Do you violate your own conscience?
Stacy Reed, pastor of First Baptist Church of Fordyce, Arkansas (@rebman10) gave me a copy of Gregory Frizzell's Returning to Holiness some time ago, and I've been reading through it over the past several weeks as a challenge for spiritual renewal. It's subtitled A Personal and Churchwide Journey to Revival.
It's been convicting, encouraging and clarifying in many areas. As I've read about a chapter a week and reflected on the questions and scriptures he uses, I've been reminded afresh of the importance of a regular personal spiritual inventory.

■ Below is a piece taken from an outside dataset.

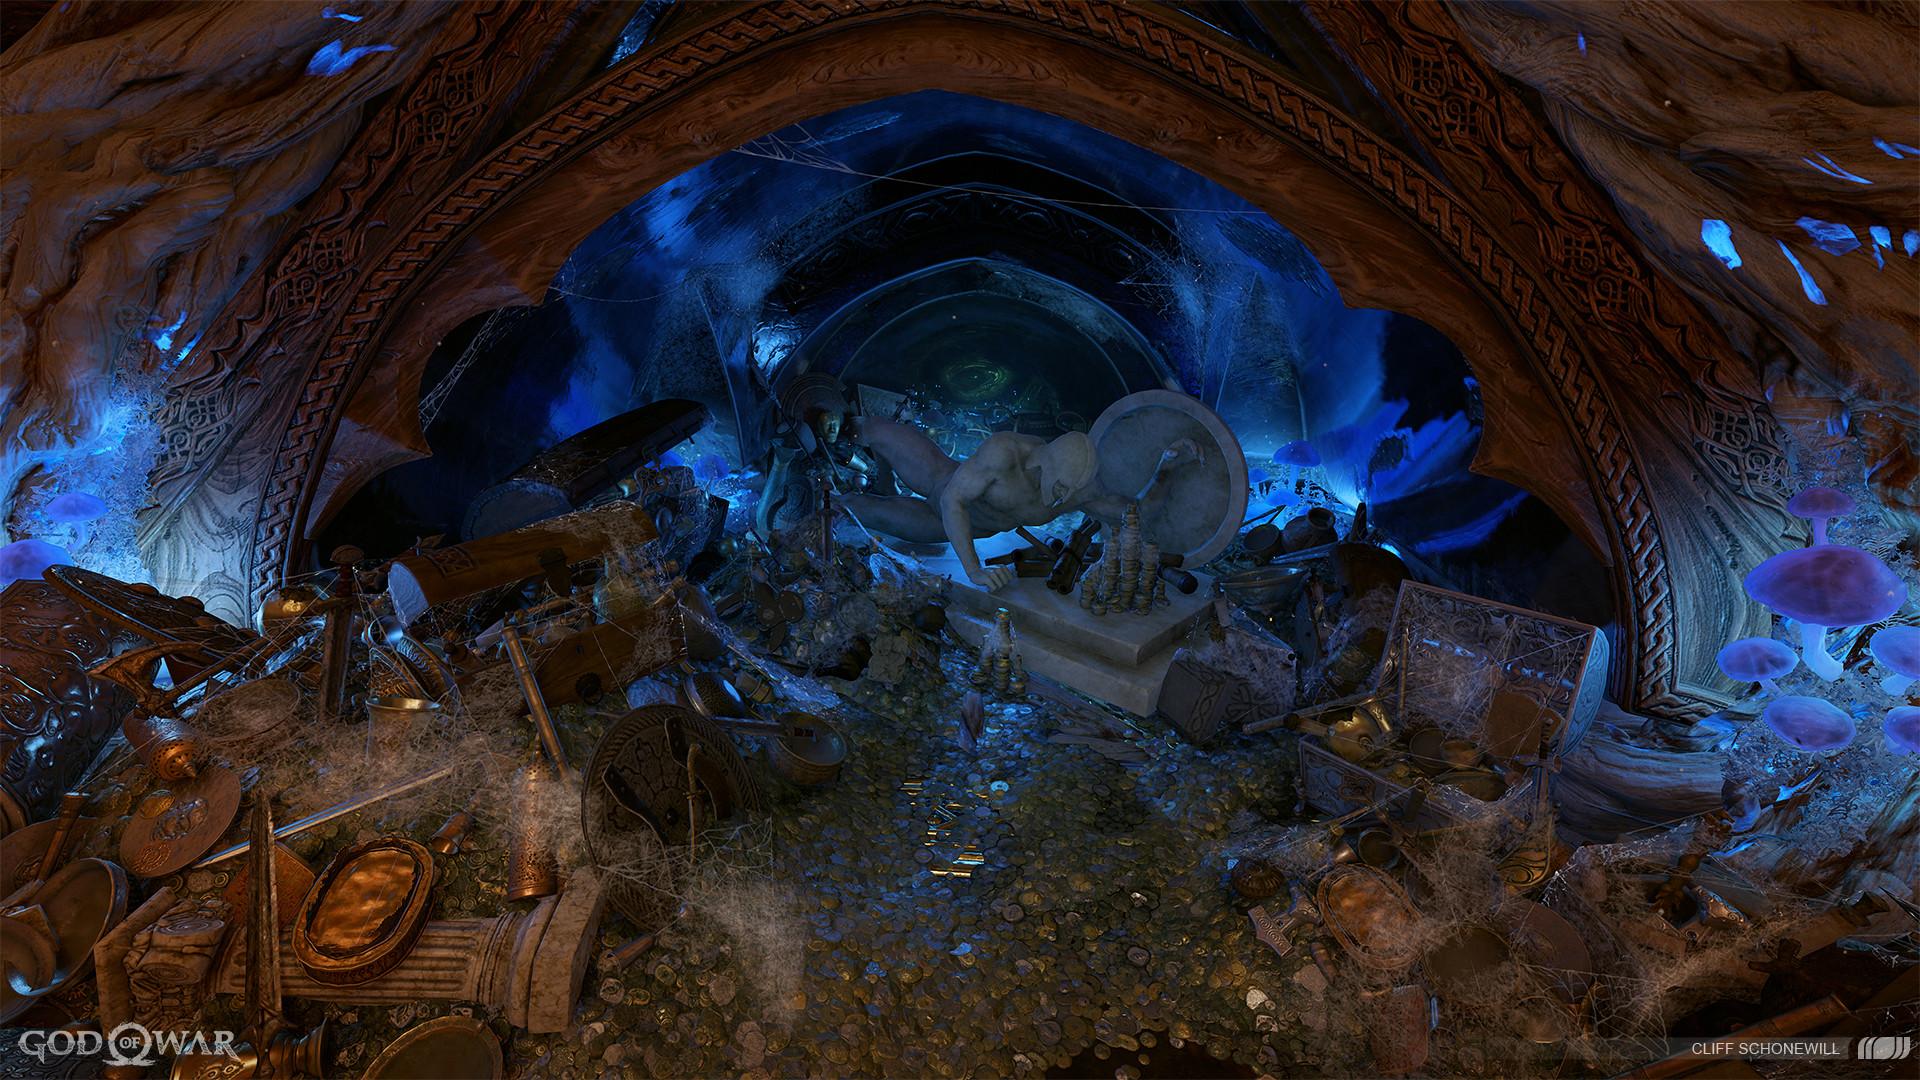 Cliff schonewill tyrsvault vaultrooms 23
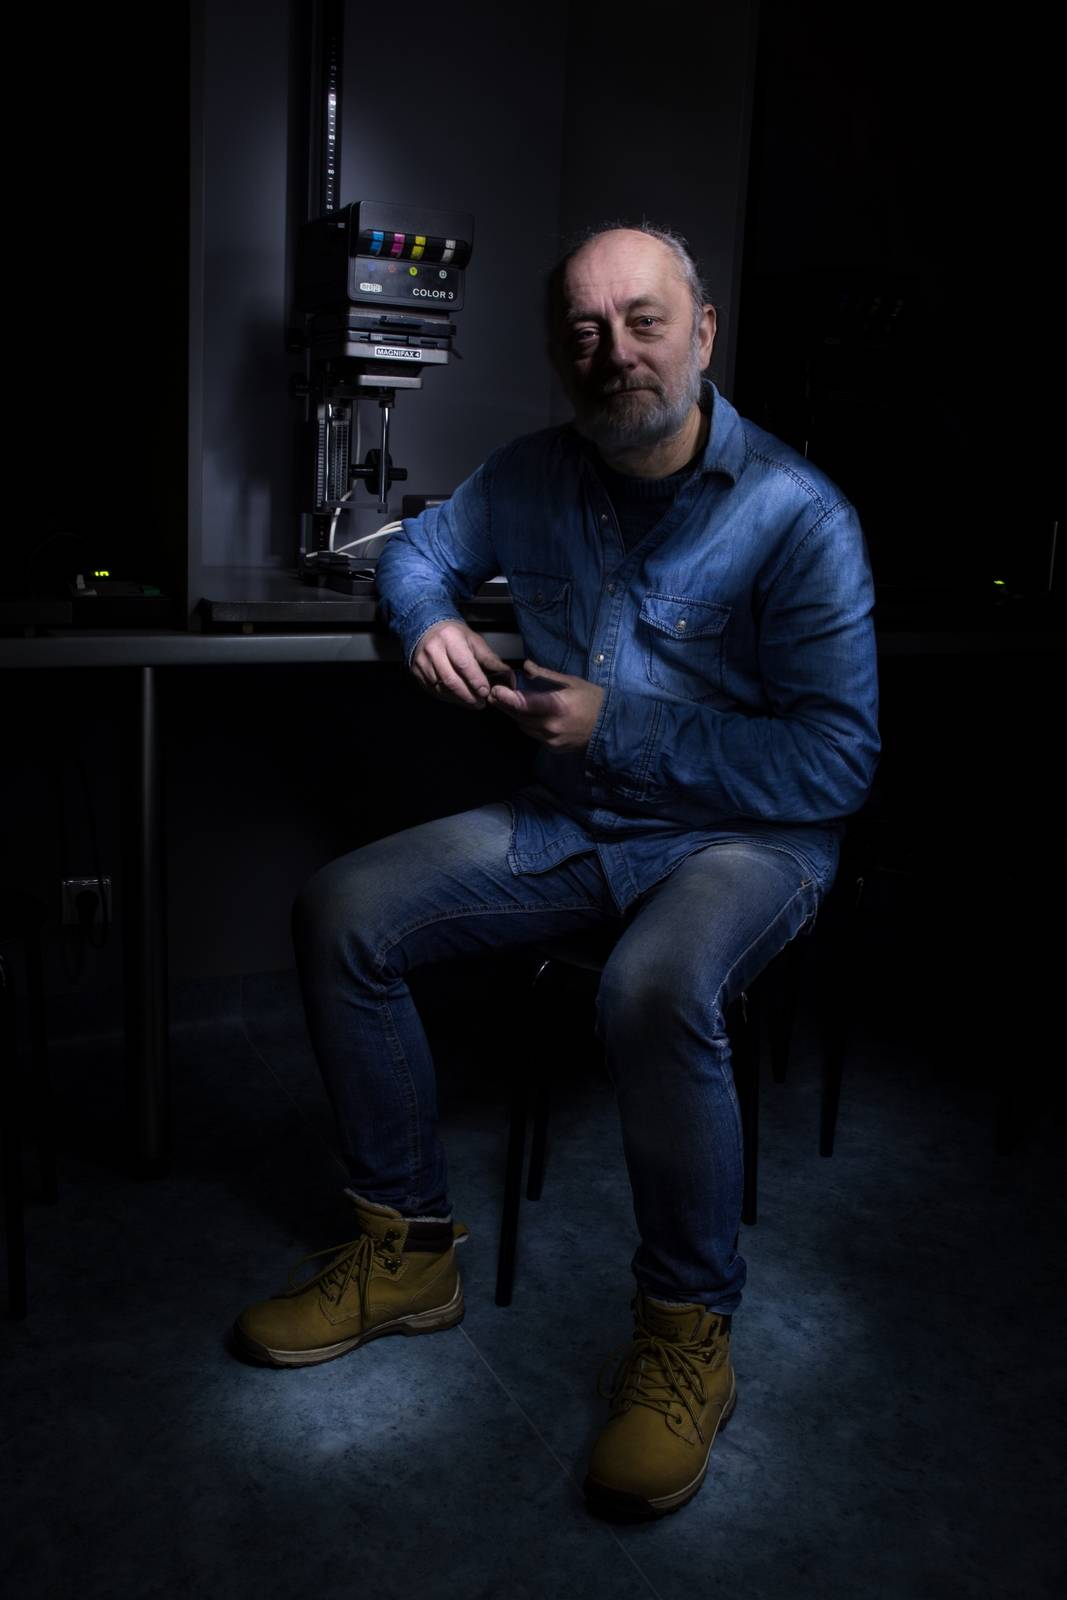 Antoni - fotograf

In one chapter, he deals with the matter of how often Christians violate their conscience. It's not a topic I've heard people speak much of, but it's clearly a biblical principle. Consider these scriptures:
"Therefore one must be in subjection, not only to avoid God's wrath but also for the sake of conscience." (Romans 13:5 ESV)
"So I always take pains to have a clear conscience toward both God and man." (Acts 24:16 ESV)
"They must hold the mystery of the faith with a clear conscience." (1 Timothy 3:9 ESV, speaking of leaders in the church)
The definition of conscience is "an inner feeling or voice viewed as acting as a guide to the rightness or wrongness of one's behavior."
Let me quote from Frizzell directly about how we violate our consciences:
If you are involved in something about which you have a nagging lack of peace, you are in sin. Indeed, a crucial phrase in the great Welsh revival was, "Brother or sister, are there any controversies between you and God?" Frequently, we rationalize and labor to convince ourselves something is all right with God. Yet, if you don't have peace, deep down in your heart, you know you don't! Friend, if you ignore God's still small voice, you cannot walk in the fullness of His Spirit. When you resist God's Spirit, you enthrone your flesh, and begin to operate in your own human strength, rather than Christ's supernatural power. This is precisely why many believers are spiritually tired and lack vibrant joy. No matter how hard you try, you simply cannot live a victorious Christian life on flesh power! (Romans 7.18)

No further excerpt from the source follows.